Free kit programs run every fall through Take Action on Radon’s 100 Test Kit Challenge. Worth a 5-minute check before you buy.

For a deeper price breakdown across kit brands and continuous monitors, we built a full radon test kit buyer’s guide.


Real estate transactions vs ongoing residential

These are two different test scenarios with two different answers.

Buying or selling a home

You have weeks, not months. A 91-day test won’t finish in time. You need a pro short-term test with a written report.

  • As a buyer: Make the test a condition of the offer. Most deals get 5 to 10 business days for the inspection period. A 3 to 7 day test fits.
  • As a seller: A documented test result, especially one tied to a working mitigation system, is a positive disclosure. It removes radon as a deal-killer for the next buyer.
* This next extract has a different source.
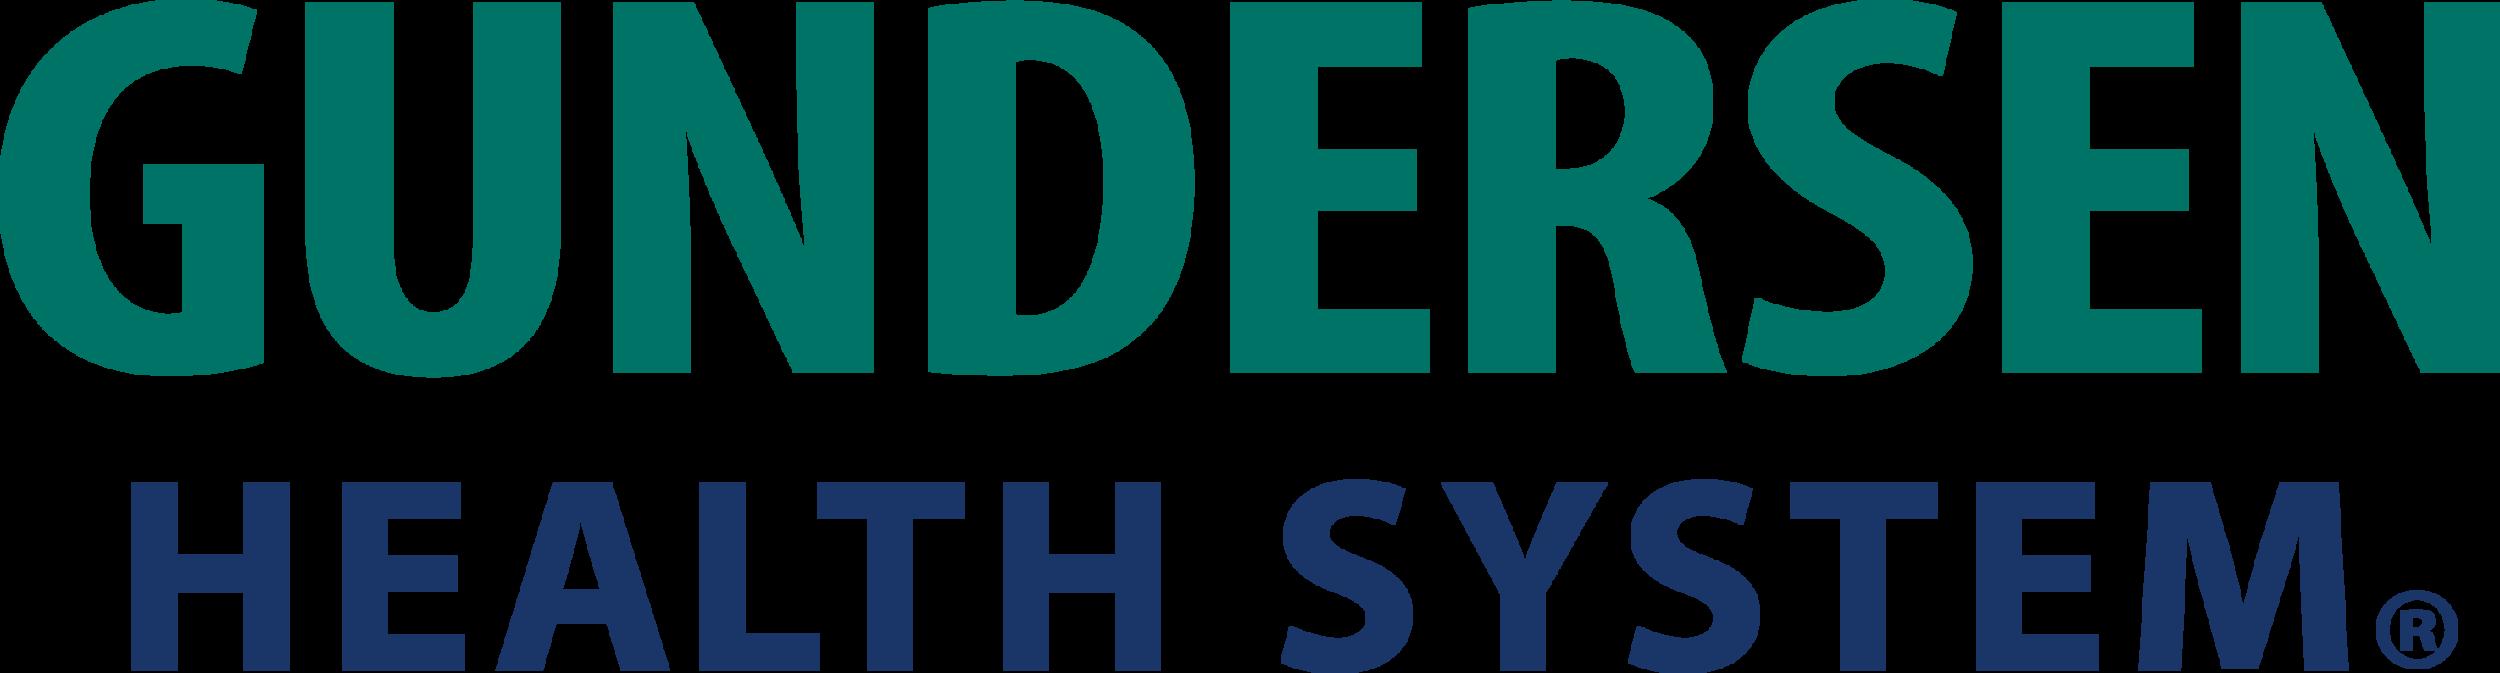 Gundersen-Health-System.png

For closing-driven timelines, our real estate radon test is $399 with a 48 to 72 hour turnaround.

Ongoing residential

You own your home. You’re not selling. You want to know if you have a problem.

This is where a long-term alpha track or a continuous monitor wins. You get a number that reflects how you actually live in the place. No rush. No weather skew.
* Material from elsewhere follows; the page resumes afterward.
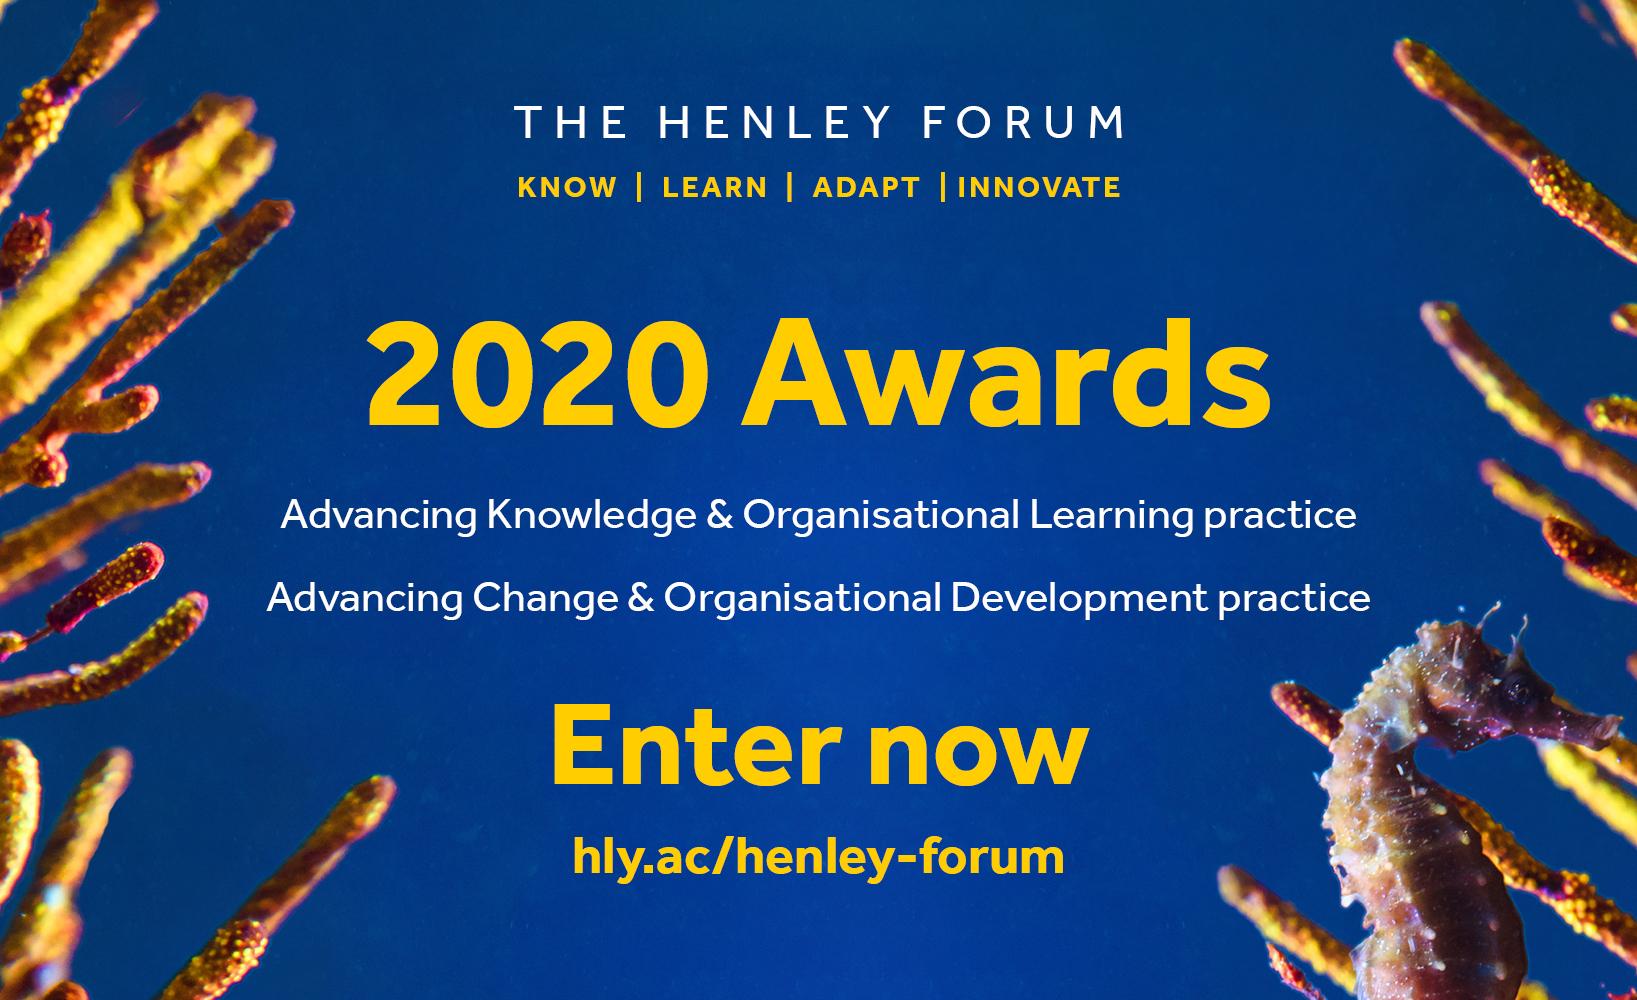 The Henley Forum 2020 Awards | Henley Business School

Most families test once every 5 years if the first result was low, and re-test sooner if they renovate the basement or add a sump pump.


DIY kit vs pro test: when each makes sense

A $40 DIY kit works for most Canadian homeowners. A pro test is the right call in specific scenarios. Here’s the honest split.

When DIY is plenty

You’re a homeowner. You’re curious. You have no deadline.

Buy a long-term alpha track kit for $40. Drop it in your basement for 91 days. Mail it in. If the result is under 100 Bq/m³, you’re done for the next 5 years.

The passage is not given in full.